Его знобило. Тяжелым, липким свинцом было налито усталое тело его. Он до боли сжимал скрещенные под столом пальцы, пересиливая лом в висках. Подмышки саднило от насекомых: неделями председатель спал, не раздеваясь, в своем кабинете – не было времени съездить домой, сменить белье.
– Какой в жизни сдвиг, какой простор для работы, – говорила учительница, а другие Шкрабы молча согласно кивали ей землисто-зелеными лицами. – Только помочь проснуться самодеятельности народной. Ведь мужики же хорошие! – застенчиво улыбнулась она. – Они только запуганы жизнью, прошлым…
– Я знаю, – тихо сказал председатель.
– Вы, голубчик, помогите нам, – говорила учительница. – Я знаю, вы задушены работой, устали, вам отдохнуть бы надо, но это потом, – правда? Вы не откажете?
– Нет.
– Вот и хорошо. Быть может, наладим библиотеку, спектакли… Масса же молодежи, ее надо заинтересовать, втянуть в работу… Мы устроим культурную ячейку…
Председатель взял худенькую руку ее и крепко пожал.
– Я буду помогать вам, Катерина Борисовна! Если взумею.
Иронически улыбающийся Полфунтиков воскликнул:
– Ого, дело идет на лад. Крой, пред, Бога нет! Жми покрепче!.. Я думал, ты насчет этого слаб!..
Учительница испуганно обернулась и сказала с досадой:
– Какой вы пошляк, Влас Иванович!
– Еще бы, – сказал Полфунтиков, – кабы я с вами в музыки наяривал, ну и все такое прочее, да жалобно поддакивал всякой ерунде, – Полфунтиков покосился на председателя, – тогда бы я был первым вашим ухажером… А революция пускай пропадает на высоте своей задачи? Это ловко! А между прочим, женмасса тоже погибает, а об этом вам наплевать…
– Женмасса без вас не погибнет, уверяю вас, – сказала учительница.
– Вы думаете? – насмешливо спросил Полфунтиков. – Еще посмотрим.
Входя, бабы искали глазами иконы, но их не было в волостном присутствии.

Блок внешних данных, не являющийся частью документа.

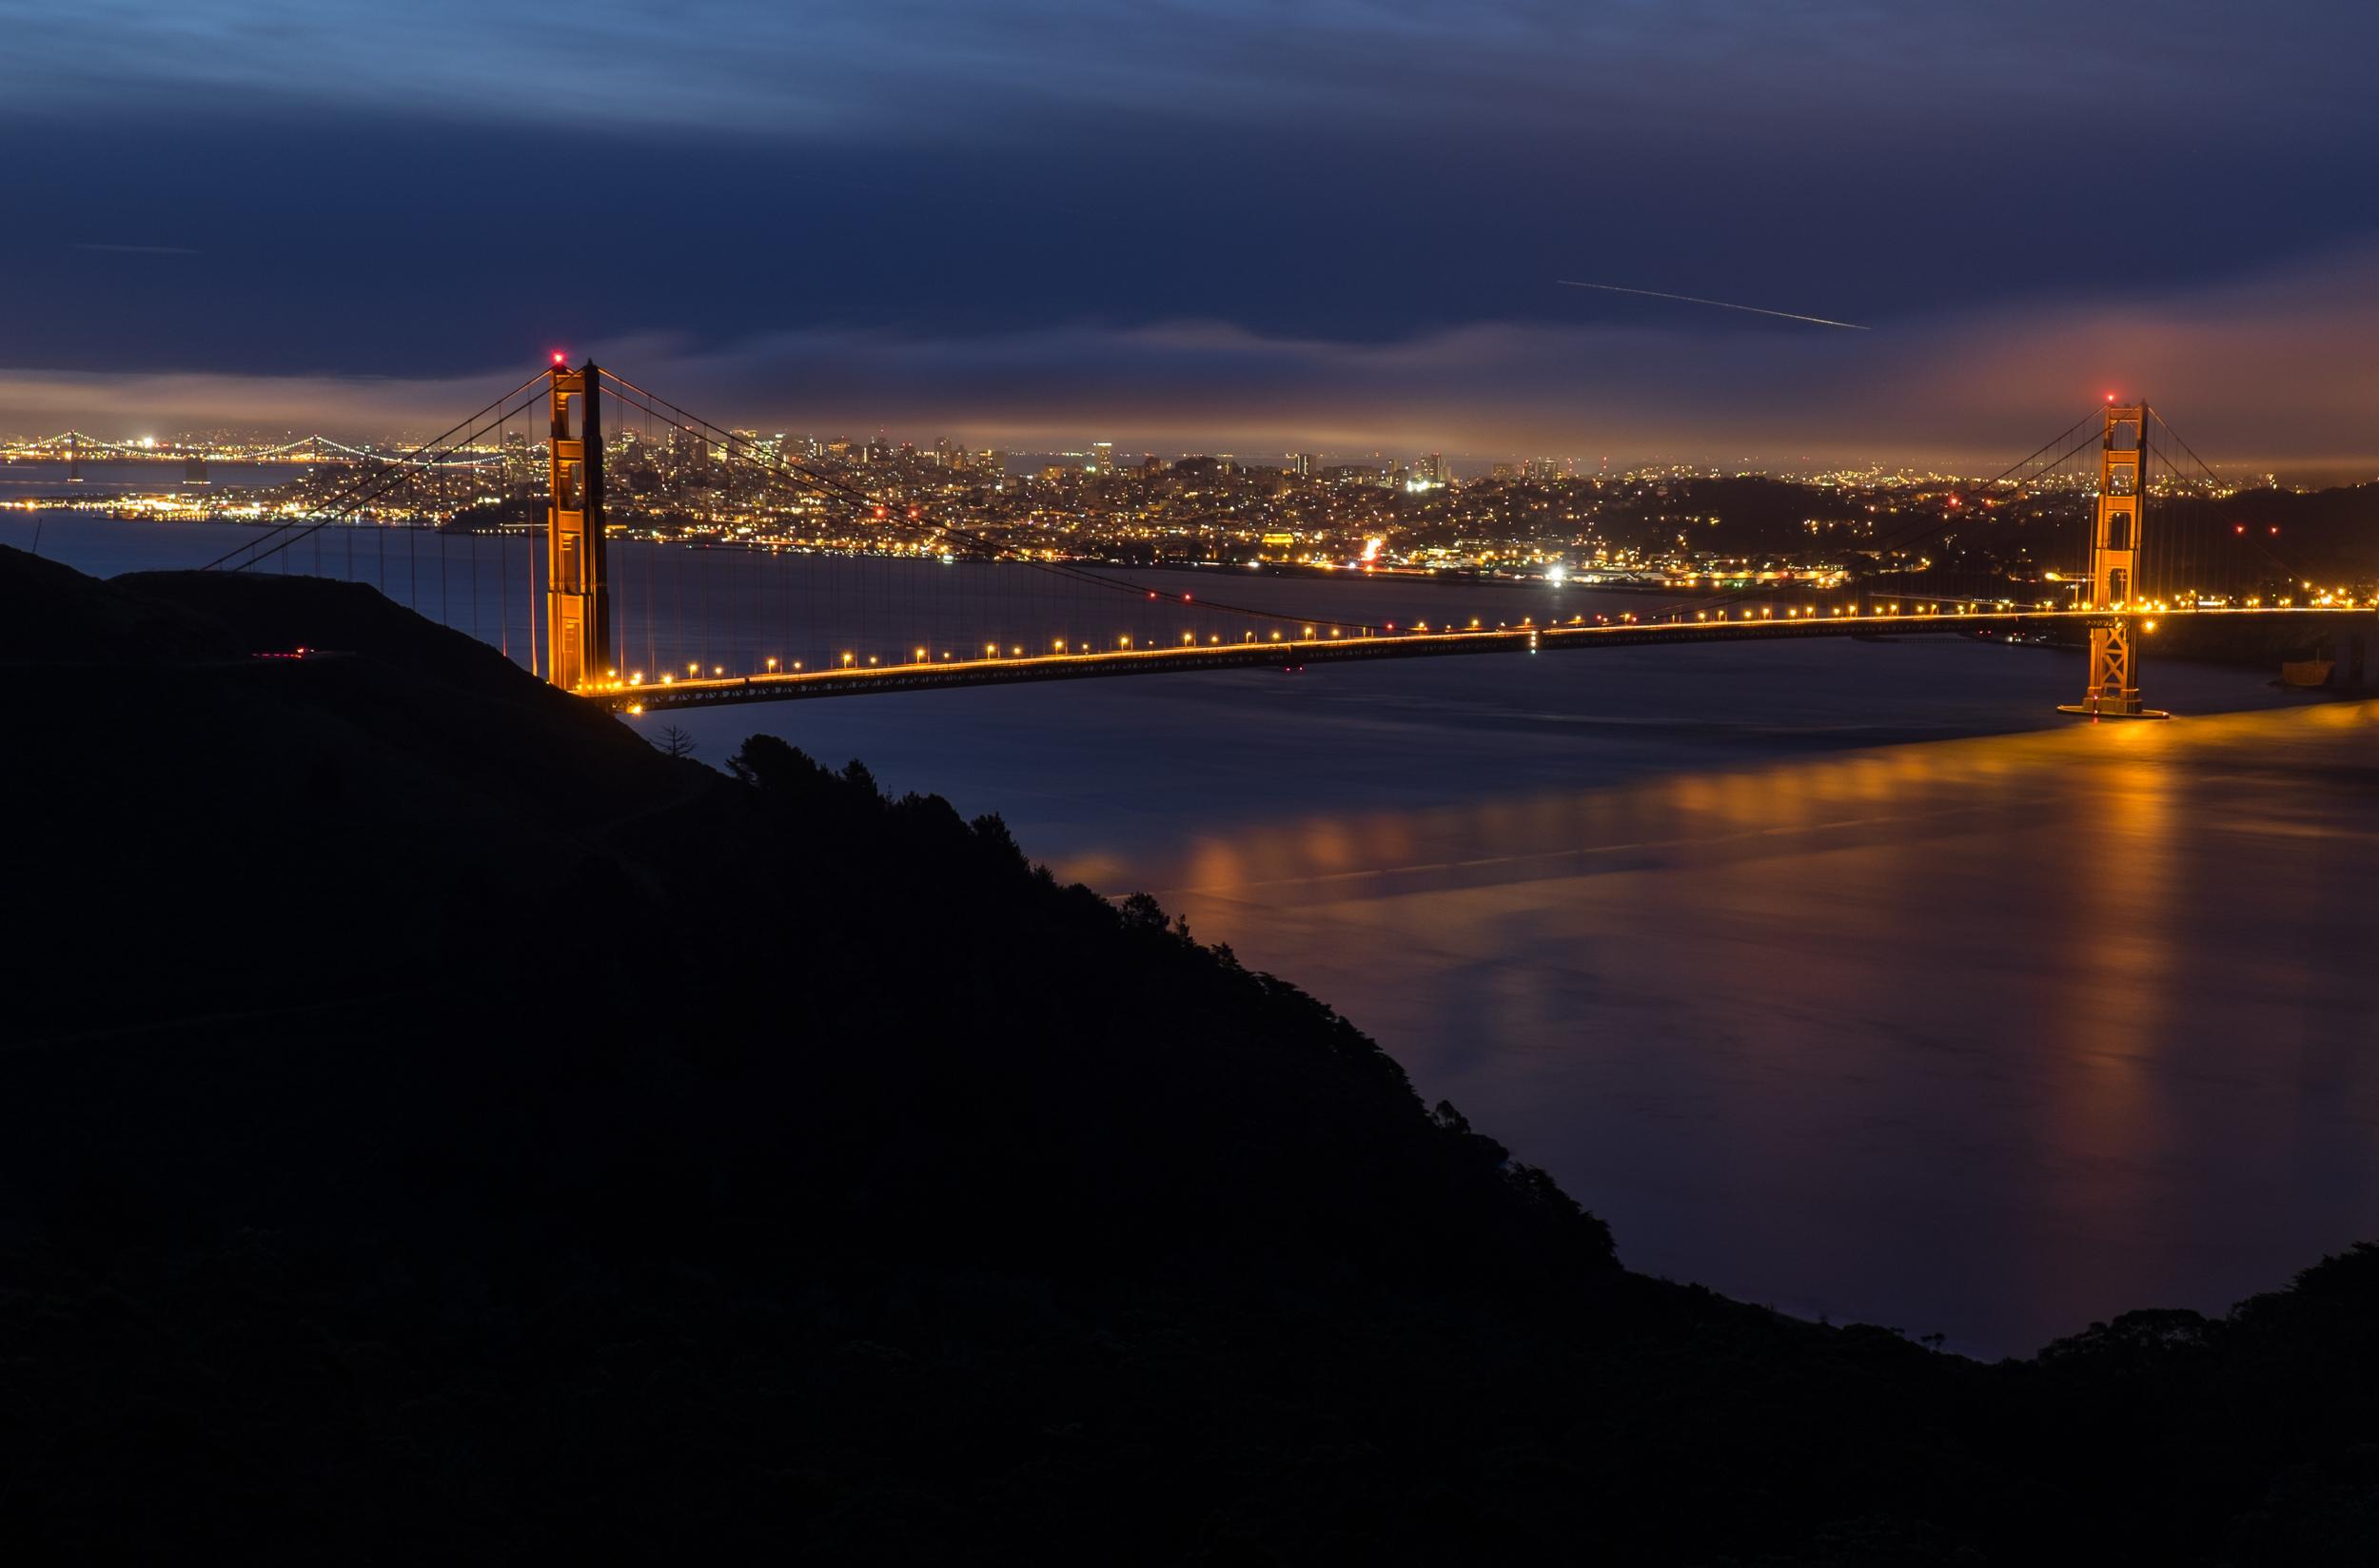 The Golden Gate Bridge a half hour prior to sunrise. 30 sec.@ f8, ISO 200.
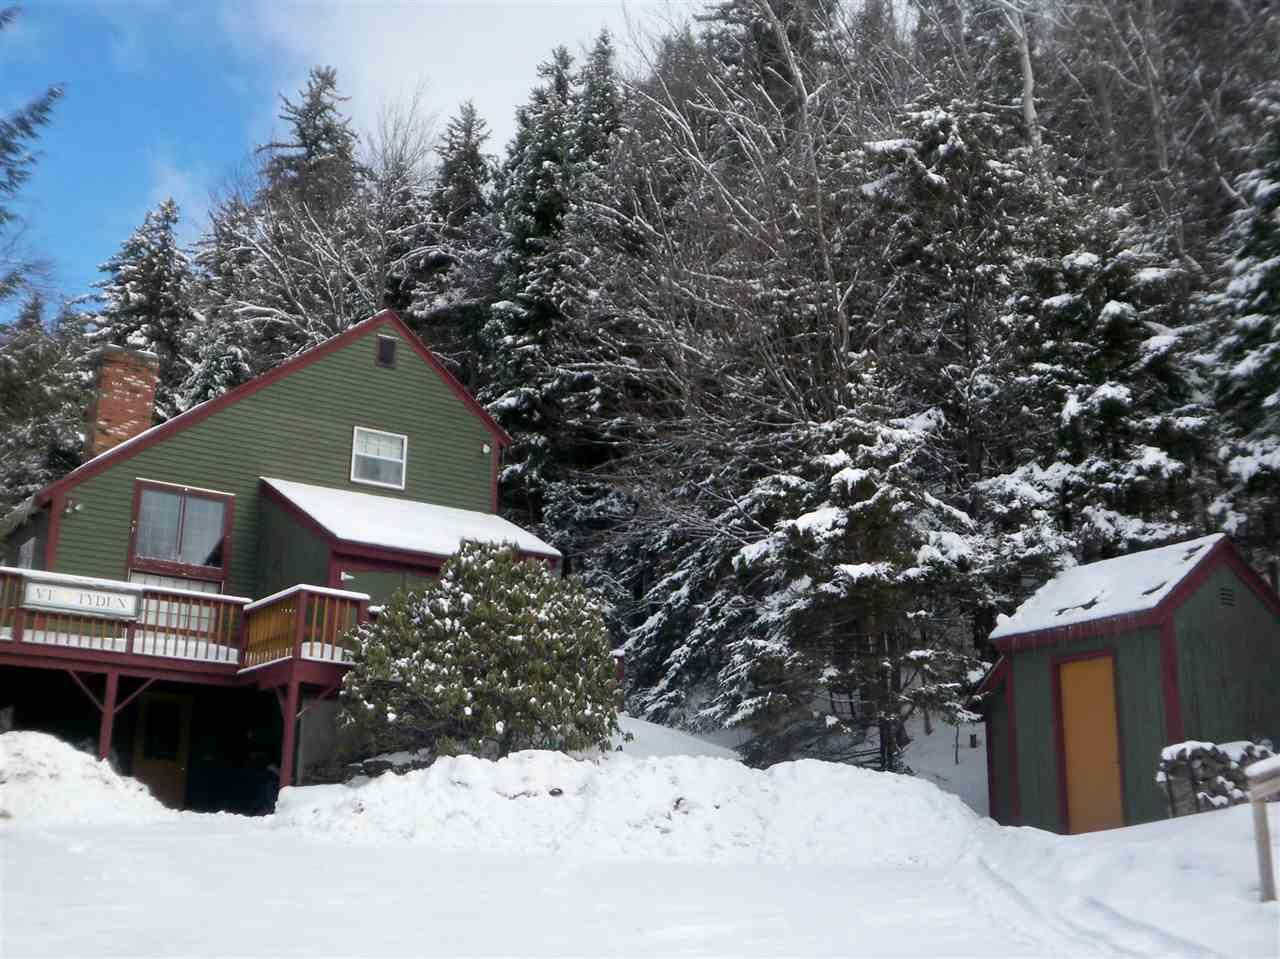 Mount-Snow-Real-Estate-4623747-19

– Матушки, и отсюда, кобели, всю святость вышвыряли!.. – Одни крестились на кафельную печку, другие – на шкаф с делами, большинство – на дверь председателя волисполкома, где раньше висели бога, – железные клыки, поддерживавшие «святость», и теперь еще торчали из серой штукатурки.
Мужиков не пускали в присутствие.
– По случаю нынче бабьего исполкону, – говорил сторож Ван Онухрич, – например, запела свинья анхиреем.
Хохотал в лохматые мужицкие лица.
– Случай такой уж был. Только при старых режимах. Пришел раз мужик со сходки. Попросил есть. Баба спрашивает: «Пошто, старик, наряжали на сходку?» – «Да дела, грит, плохие: новые законы уставляют, чтобы в доме хозяином не мужик, а баба, земский начальник вычитал». У той аж зубы затряслись. «Да неужто взаправду?» – «Взаправду, грит, видно, такая несчастная планида на мужиков. Ну, только, грит, не всем бабам, а которая при сходе закинет ногу за ухо, вот так»…
В прихожей раздается взрыв хохота. До слез смеются мужики, бабы, ребятишки. Брызгая слюною, хохочет председатель волисполкома. Худенькая, в рубцах, старуха стыдливо уткнулась мокрым носиком в рукав полушубка. Смеются две миловидные бабы, с заплаканными лицами. Тоненько и звонко пищат белоголовые внучата Ван Онухрича.
К полдню присутствие набили до дверей.
Взволнованный Полфунтиков с трудом протискивался между баб. У окон и в дверях стояли сельские власти. Потные бабы тяжело дышали.
– Что ж ты, долго их будешь мучить? – спросил Полфунтикова председатель волисполкома. – Которые есть уже плачут.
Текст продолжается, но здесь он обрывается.